▶ [YOUR TASK]: Would you write out the lines below exactly, from the one containing "Left: Rythme, 1961." to the very last, but without the pictures?

▶ [DATA]:
..........

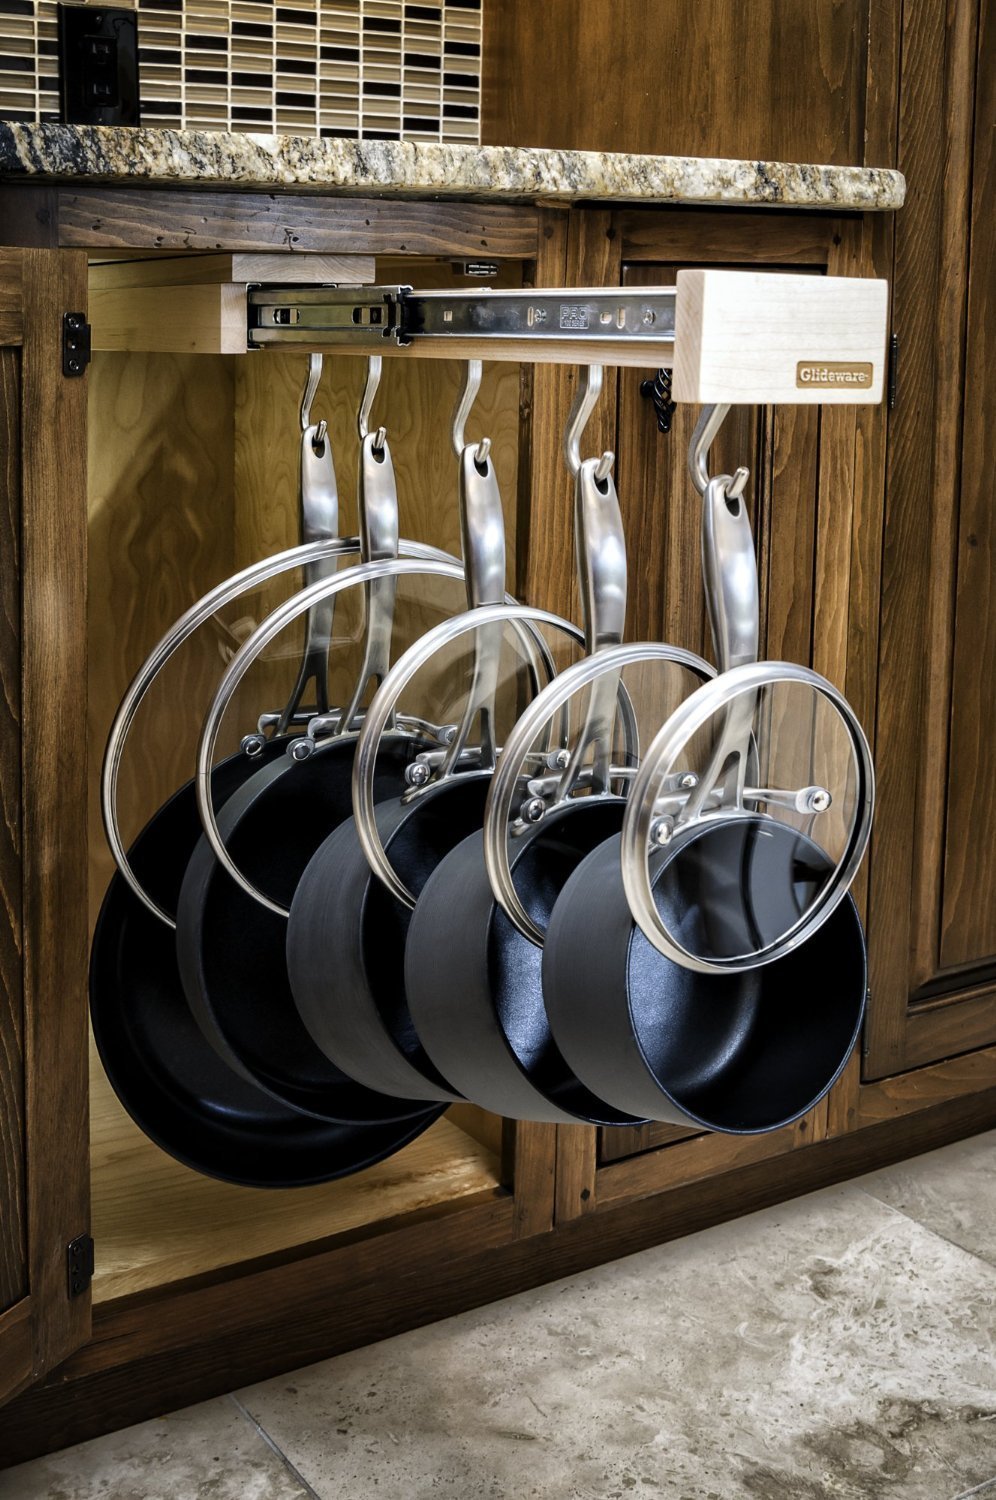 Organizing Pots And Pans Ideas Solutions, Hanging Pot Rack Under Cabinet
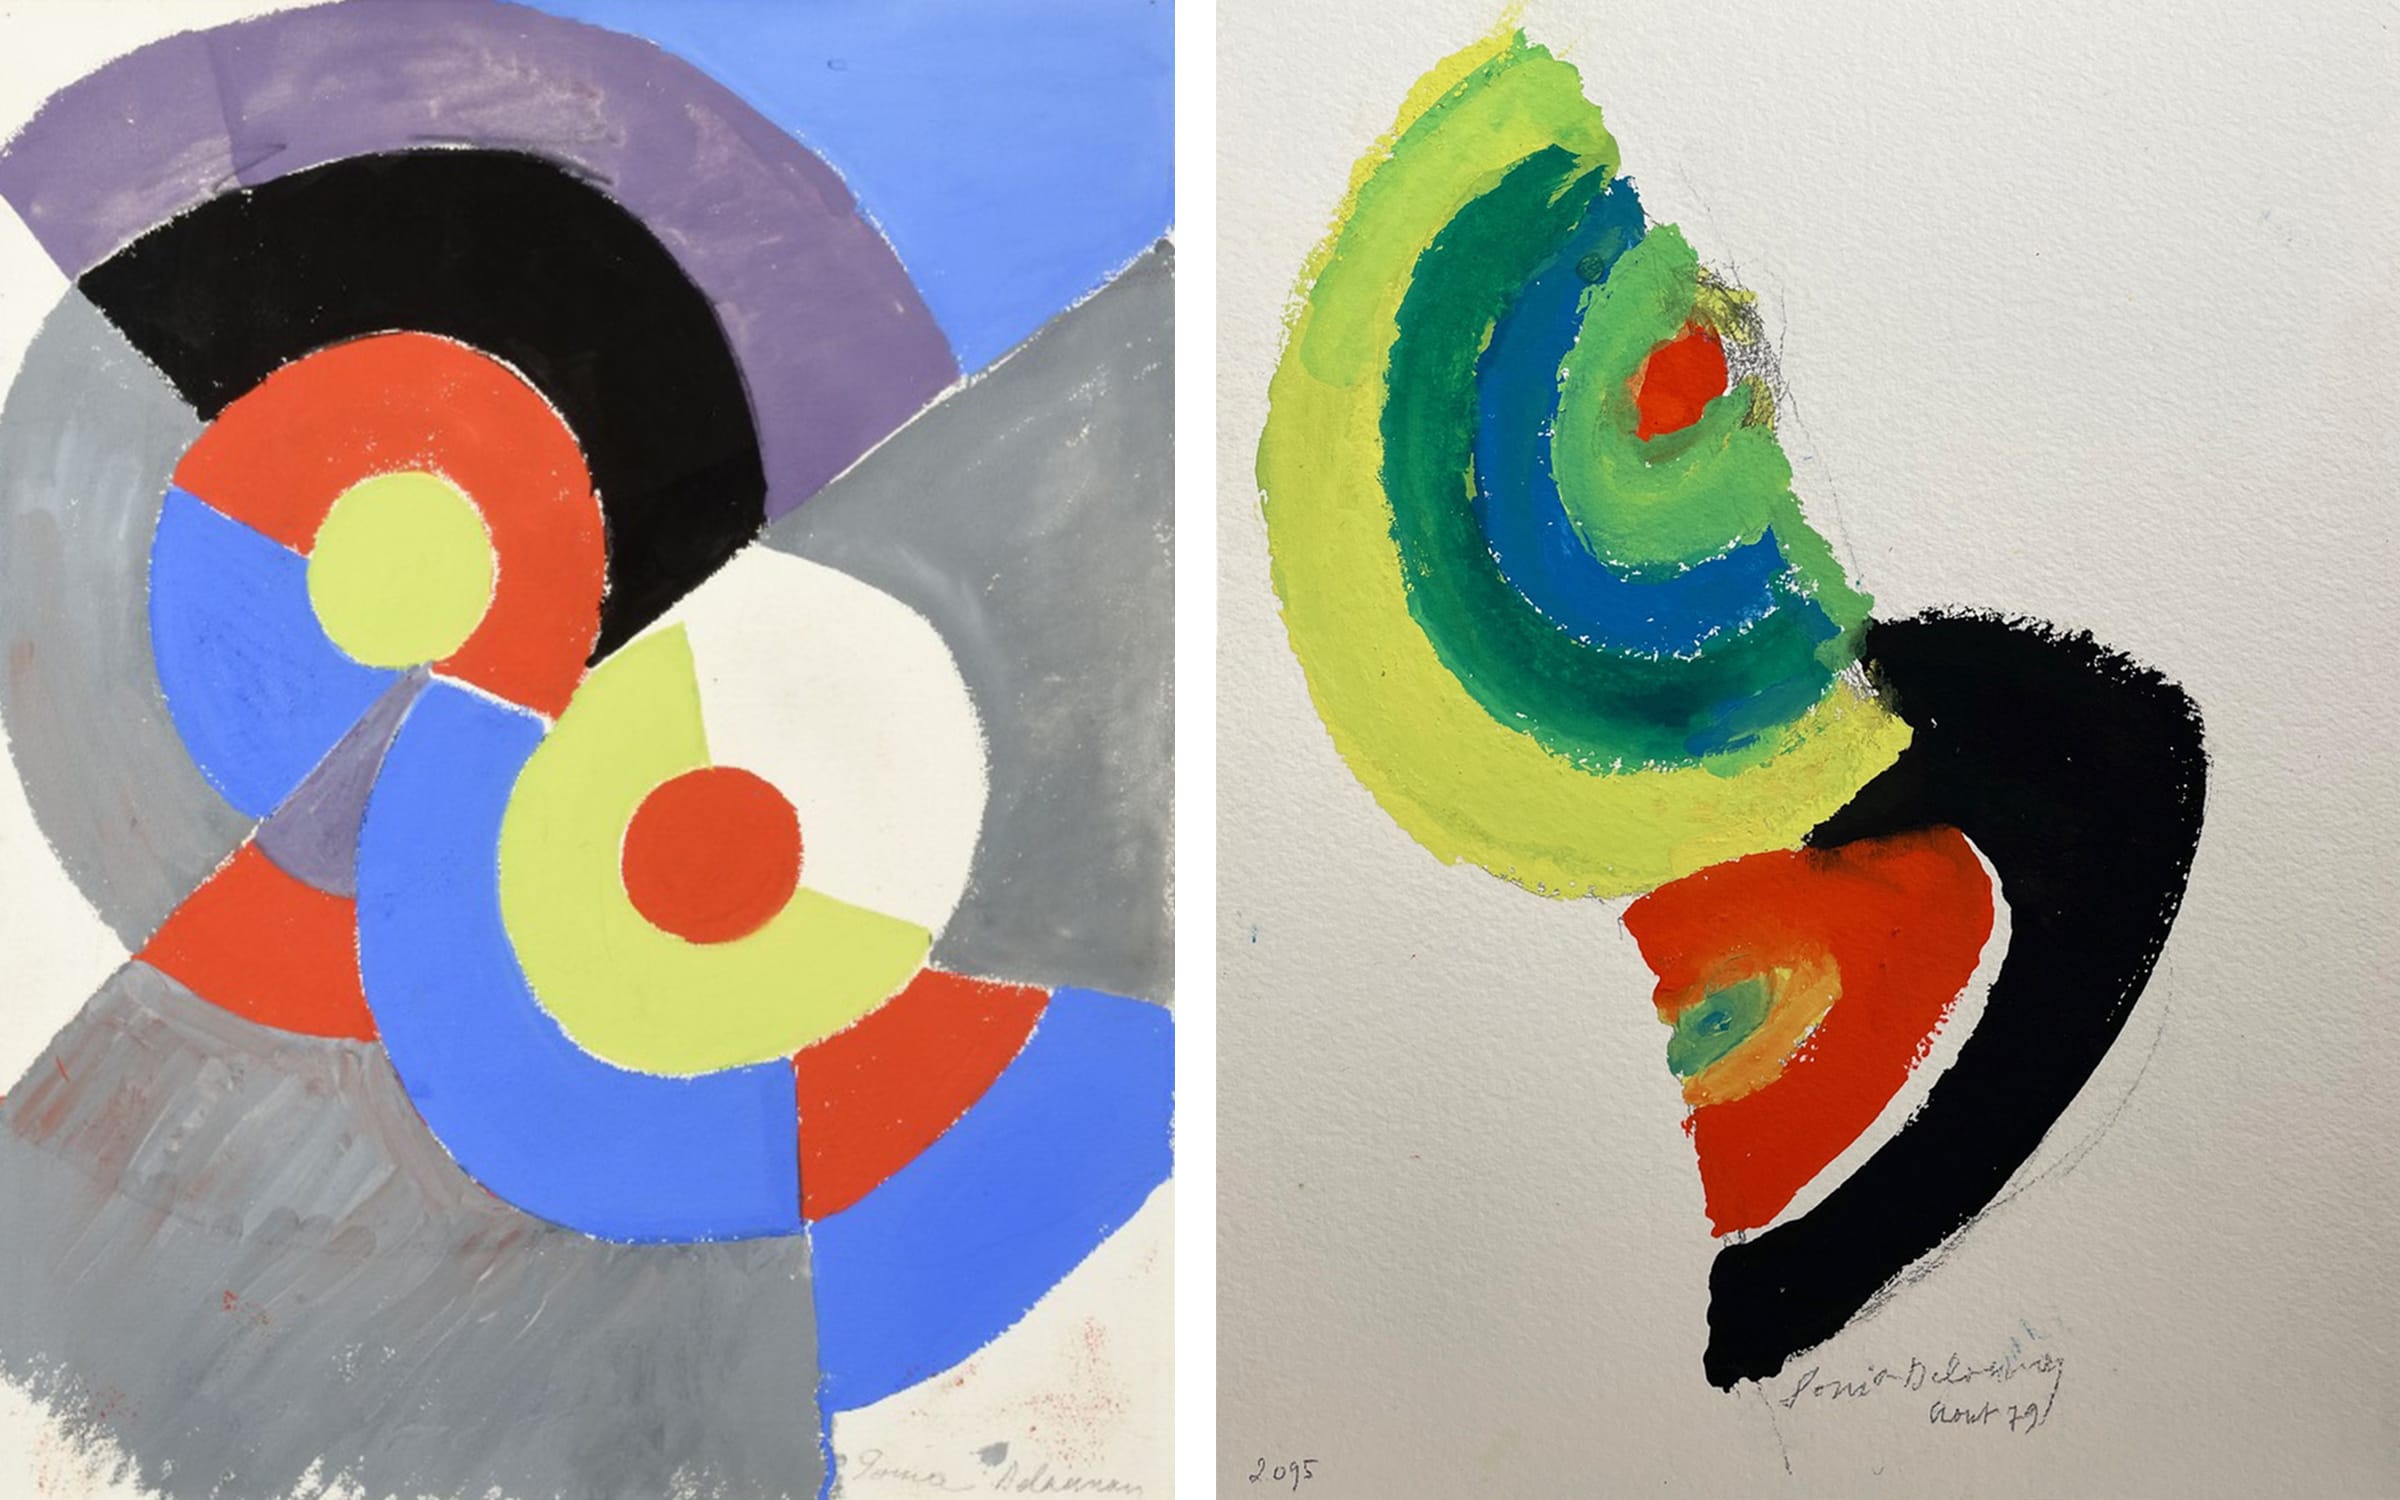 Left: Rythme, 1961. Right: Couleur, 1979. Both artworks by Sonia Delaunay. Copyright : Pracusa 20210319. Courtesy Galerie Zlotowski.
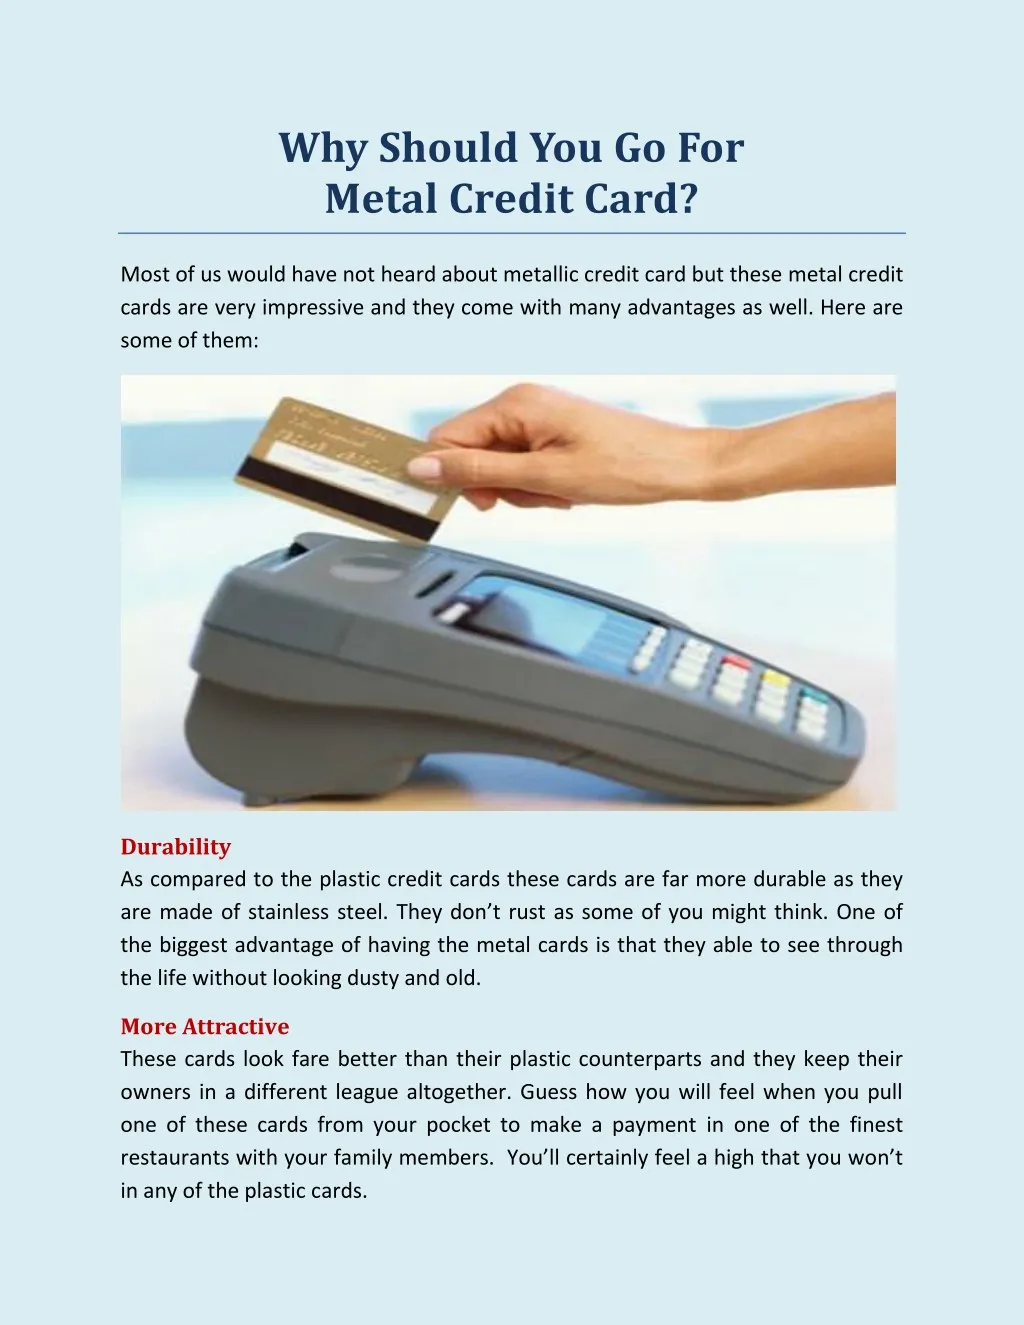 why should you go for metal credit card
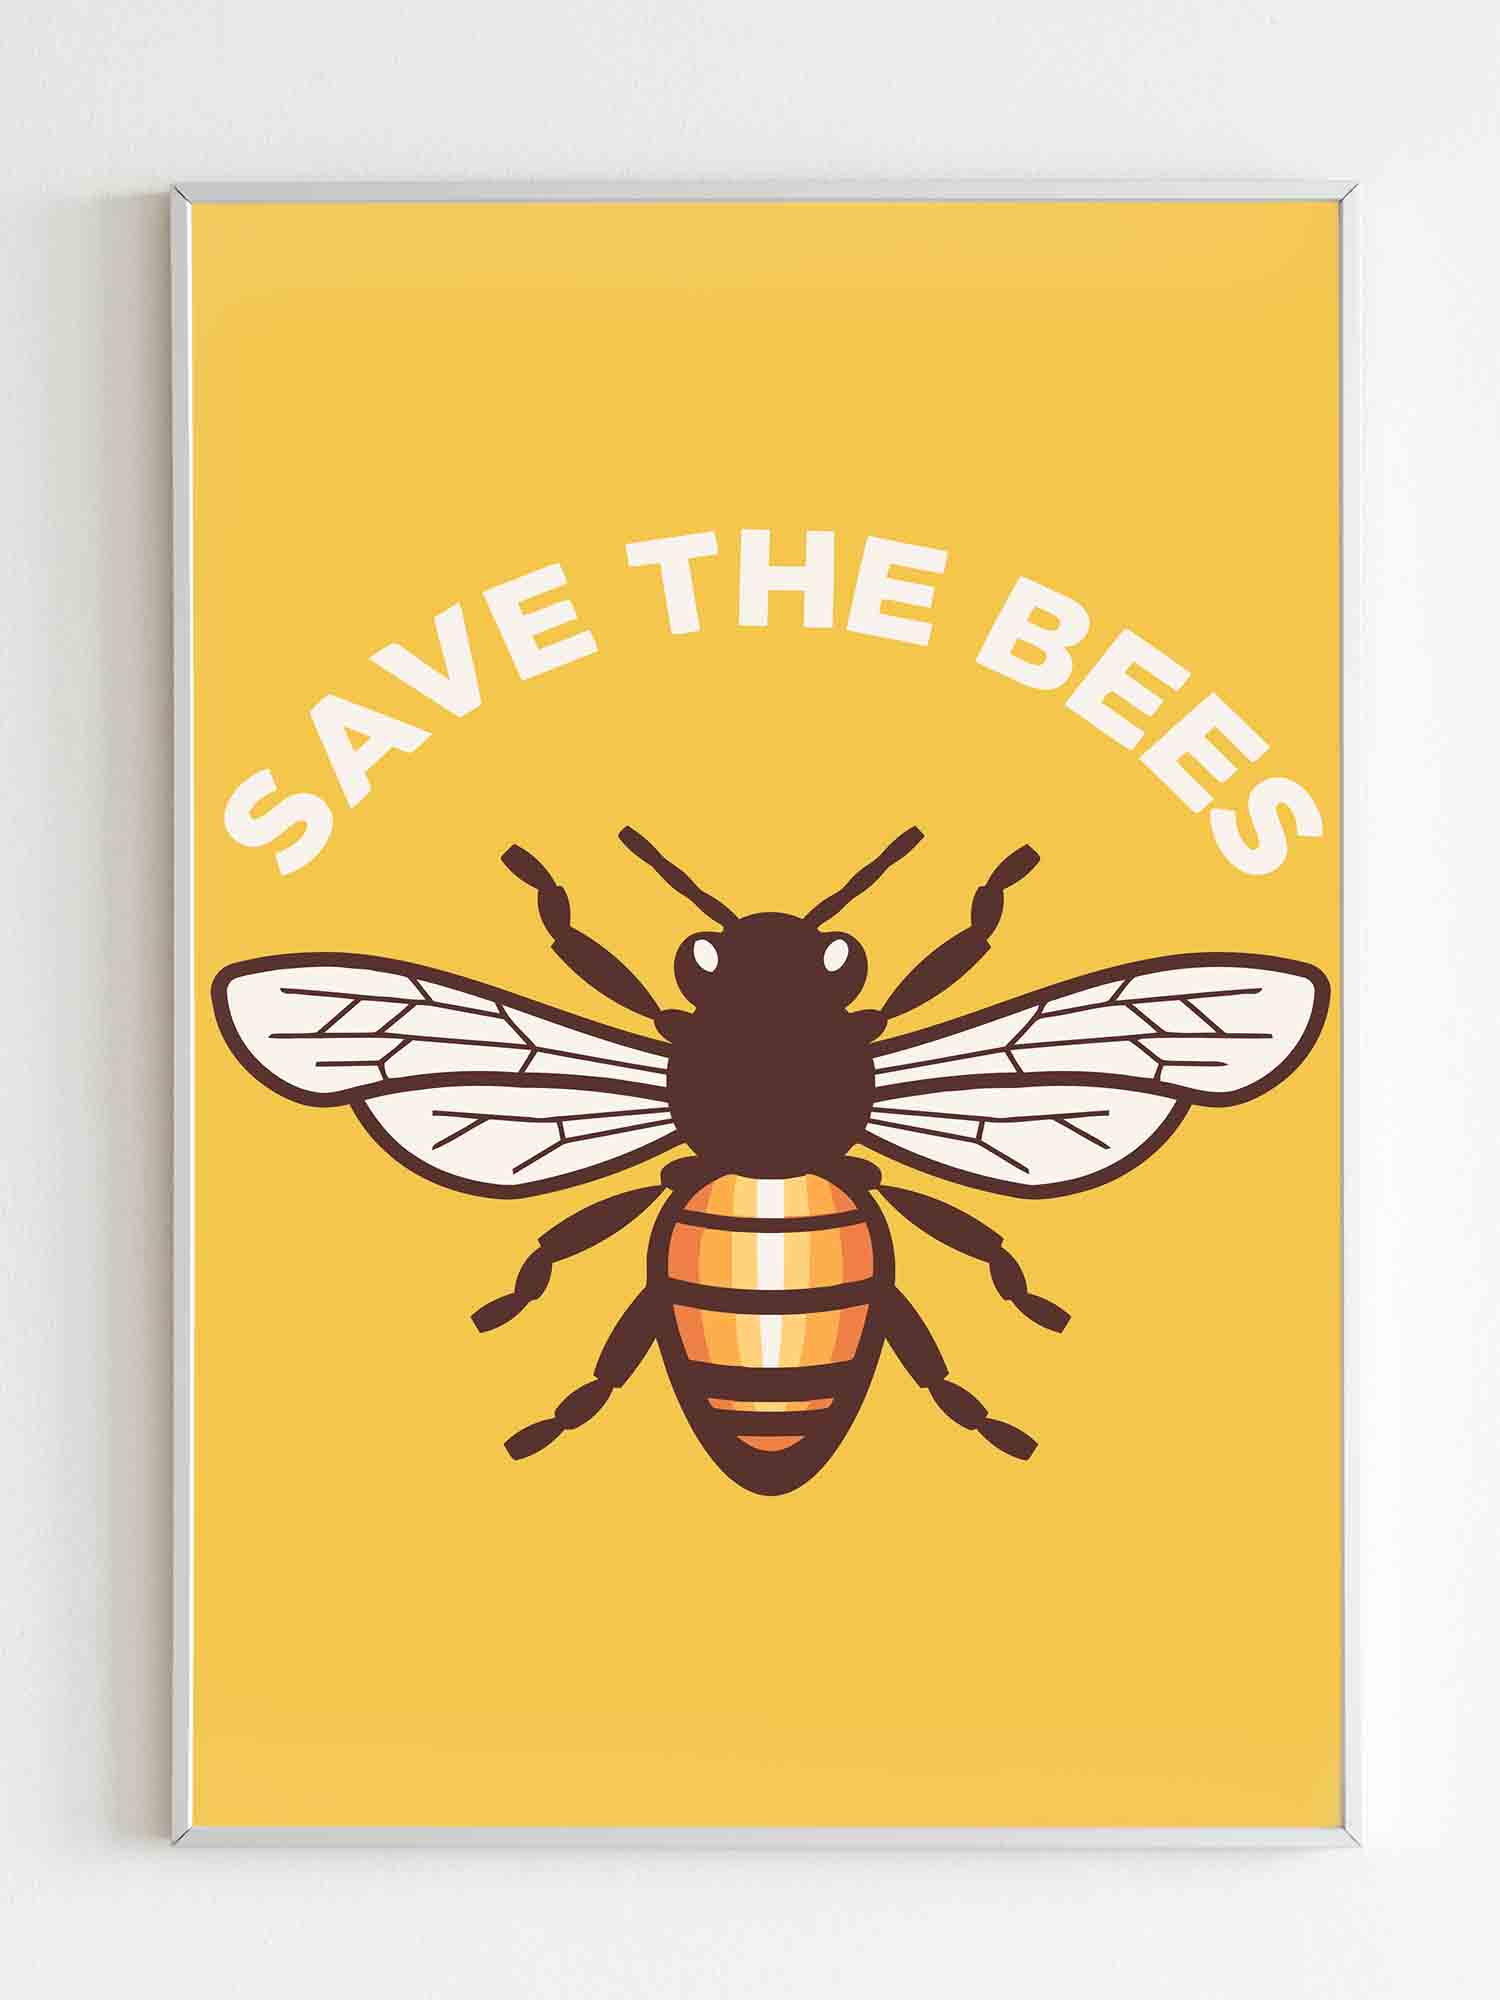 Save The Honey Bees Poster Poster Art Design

..........

▶ [ANSWER SPACE]:
 Left: Rythme, 1961. Right: Couleur, 1979. Both artworks by Sonia Delaunay. Copyright : Pracusa 20210319. Courtesy Galerie Zlotowski.
 why should you go for metal credit card
 Save The Honey Bees Poster Poster Art Design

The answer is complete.